Everything around could fall apart and I would still have love in my heart...

I've been listening to I Am by Fia on repeat for the last 3 days. The particular lyrics that are really resonating with me are;


"No, I am not who you think I am I am so much more, I am one with Source I am limitless, infinite, powerful, abundant, complete from the start, creator of all I am that I am Oh I am that I am

And therefore everything around could fall apart and I would still have love in my heart"


I've been struggling with sharing on social media lately. The energy is so heavy right now, oppressively so that I find myself retreating. I've been living in my journal and processing everything I've been consuming this last little while. I feel that I will be quieter on here for the next little while. I stopped shoulding all over myself finding some grace and acceptance of this current phase I'm in.

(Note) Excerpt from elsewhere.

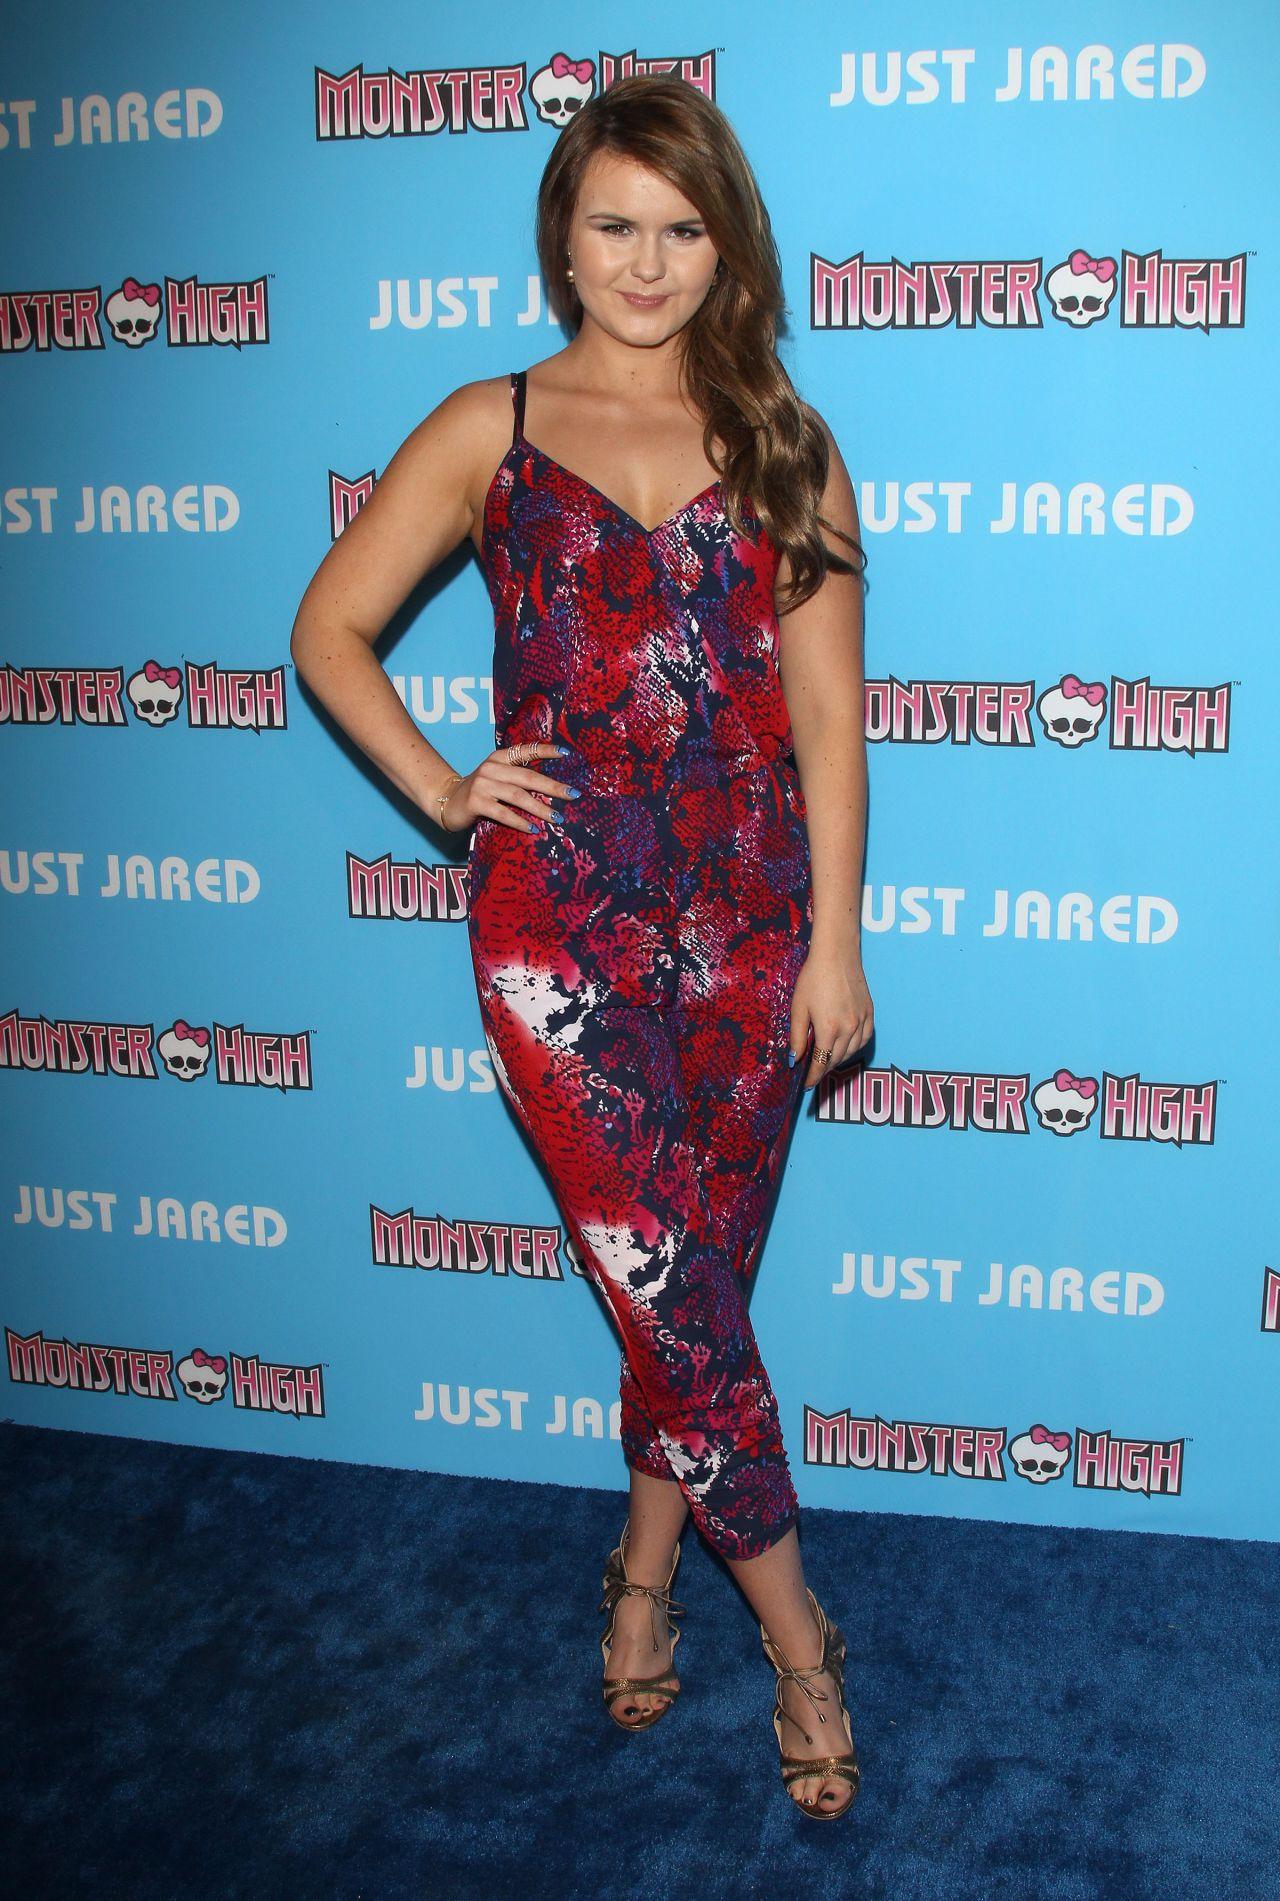 Ashlee Keating - Just Jared

I am so grateful for the lightworkers in my life who have been sharing their beautiful voices, expressing so perfectly what I am seeing, feeling & experiencing. I can share their light while I integrate all the work I've been doing for myself knowing that others need their messages as much as I do.

Aurora Light just shared a wonderful Belief Re-patterning around Finding Stability and I highly recommend you check out the replay.

I shared a post from Tracy Montgomery about finding your neutrality, and all I could say was "Fucking WOW!" because her message was in my heart and she put it so perfectly. She also has a free SRT clearing tomorrow afternoon I invite you to attend.

These are just two of the many bright lights I am so grateful for. I remember when coming onto social media was more of an emotional drain, but lately, for me, it's been filled with so much love & light. I see all of you standing in your power and sharing your light.

A message I received recently was this, "Stop fighting the darkness, and start building up your light." I'm not talking about spiritual bypassing I'm talking about seeing & accepting the darkness for what it is but stop putting all your energy into fighting its existence. Focus your energy on taking care of yourself and as Aurora said today, "Put your oxygen mask on first."